━━ Data provided

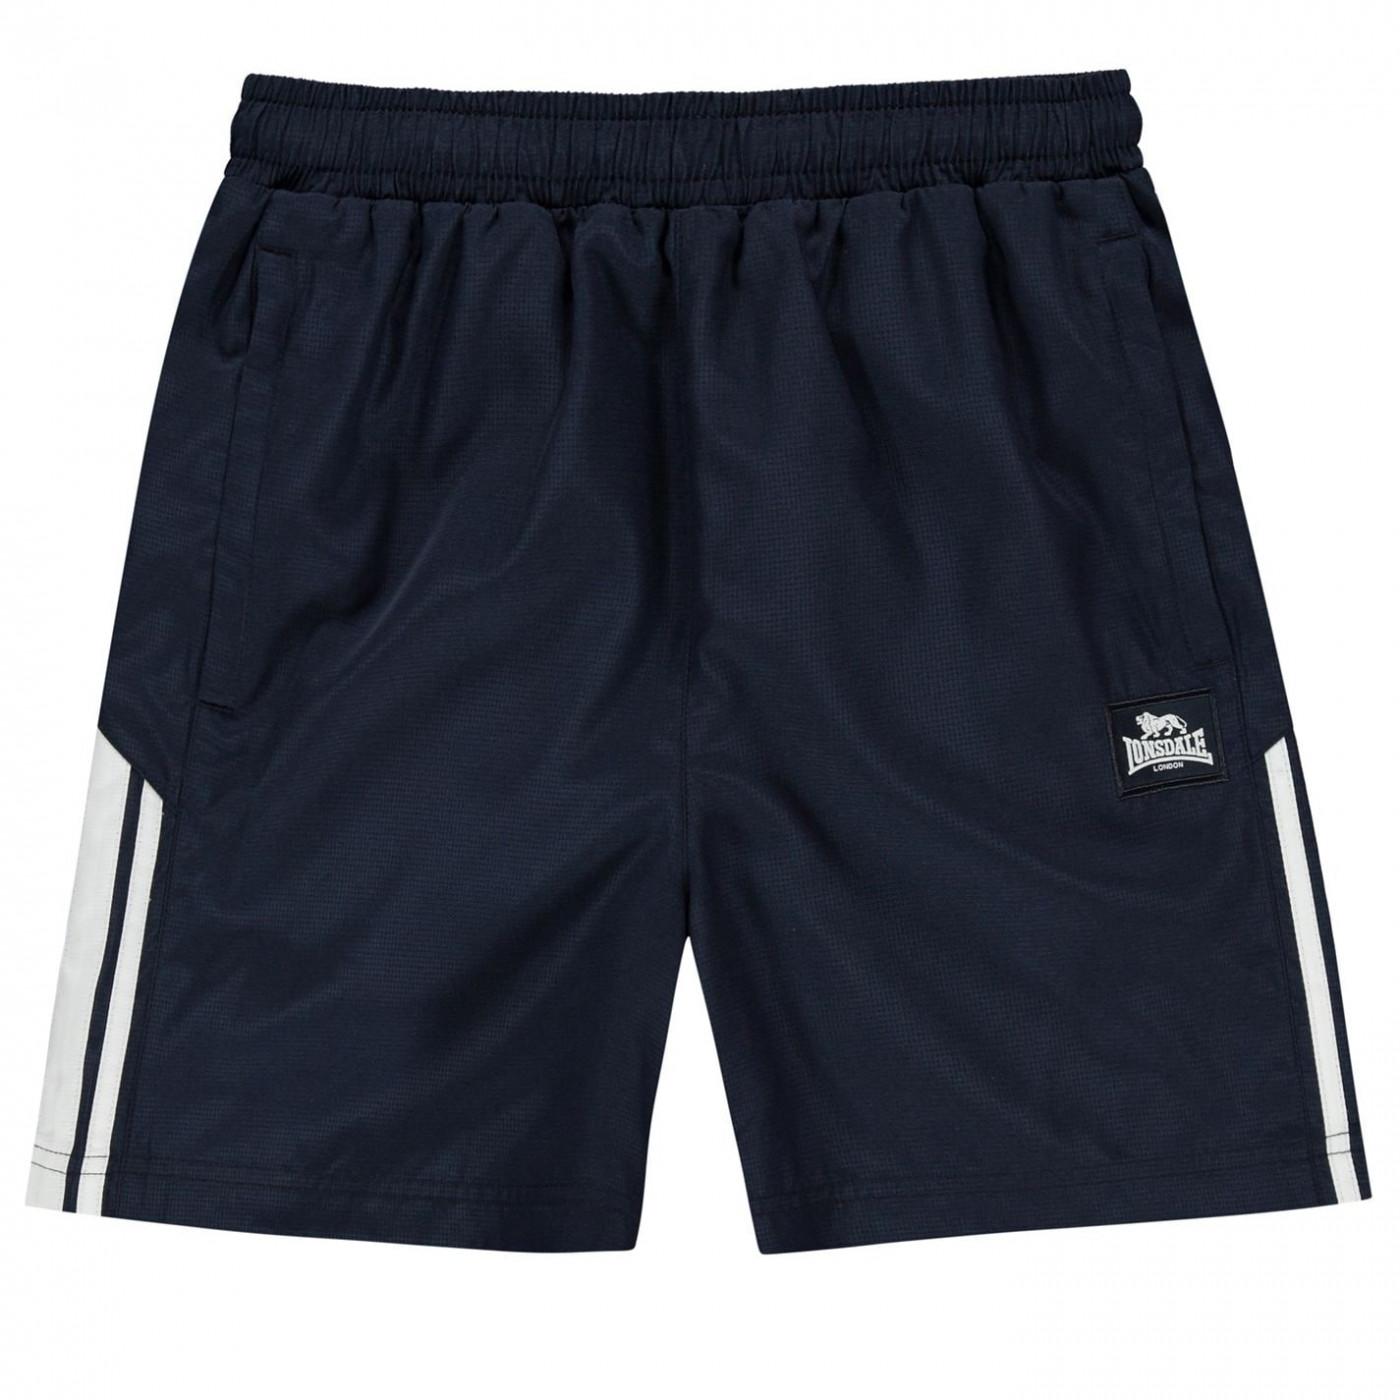 Junior Boys shorts Nike 2 stripe
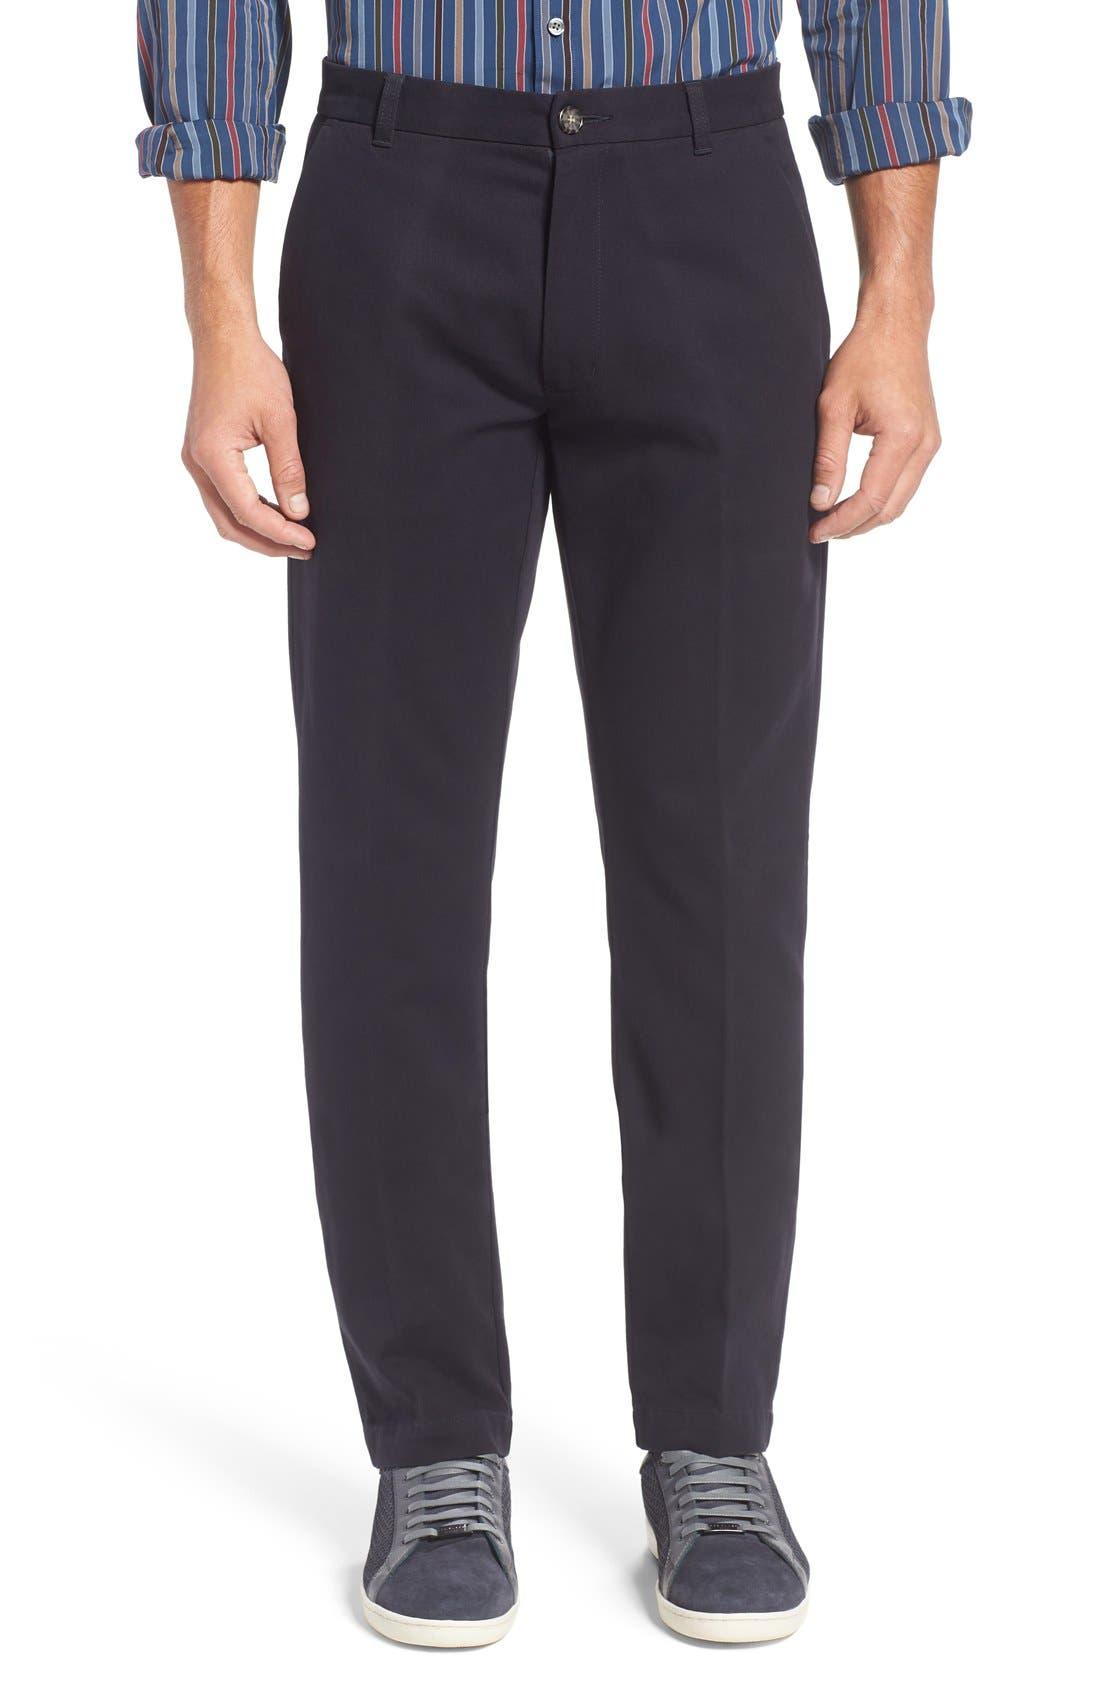 Rodd & Gunn 'Brymer' Straight Leg Pants
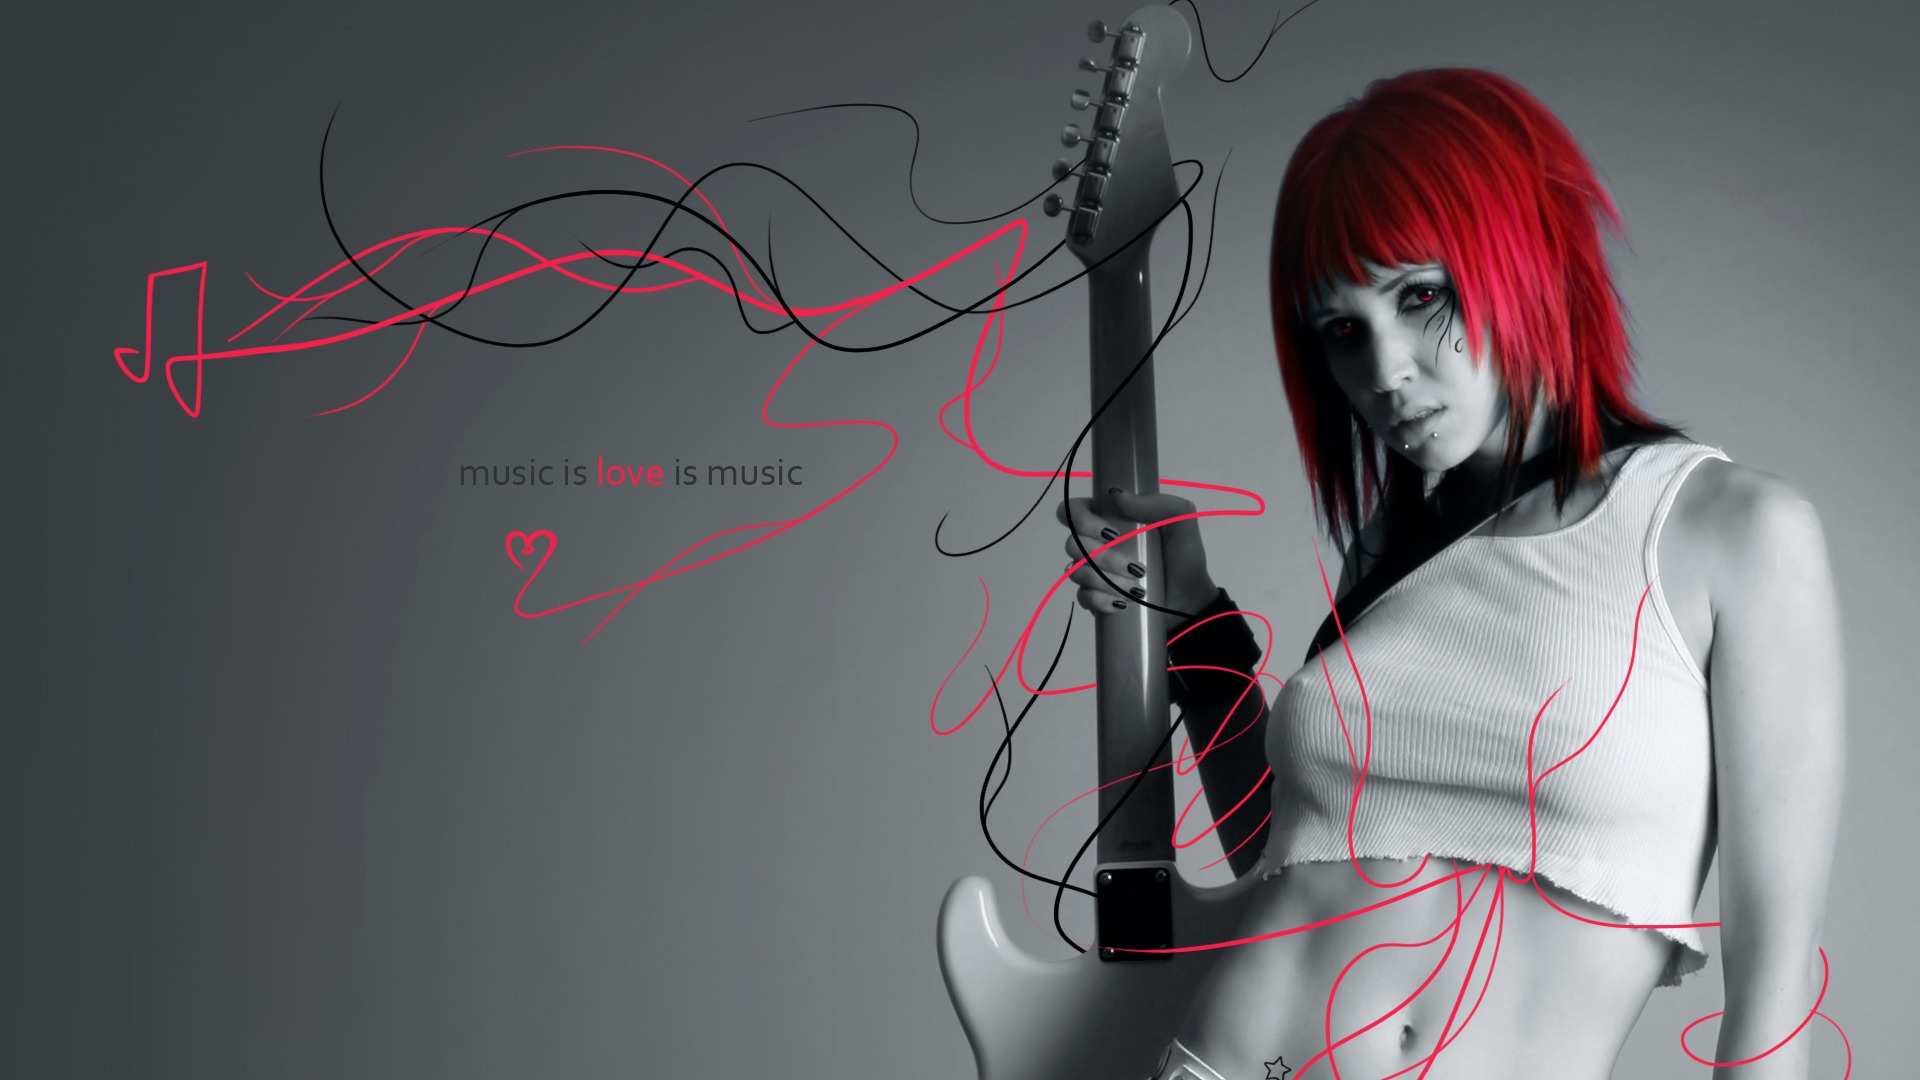 Must see Wallpaper Love Guitar - music_is_love_wallpaper_female_singers_music_985  Graphic_273970.jpg

━━━━

## Exercise details
Type out the data above once more, exactly, with no images included.

## Answer space
 Junior Boys shorts Nike 2 stripe
 Rodd & Gunn 'Brymer' Straight Leg Pants
 Must see Wallpaper Love Guitar - music_is_love_wallpaper_female_singers_music_985  Graphic_273970.jpg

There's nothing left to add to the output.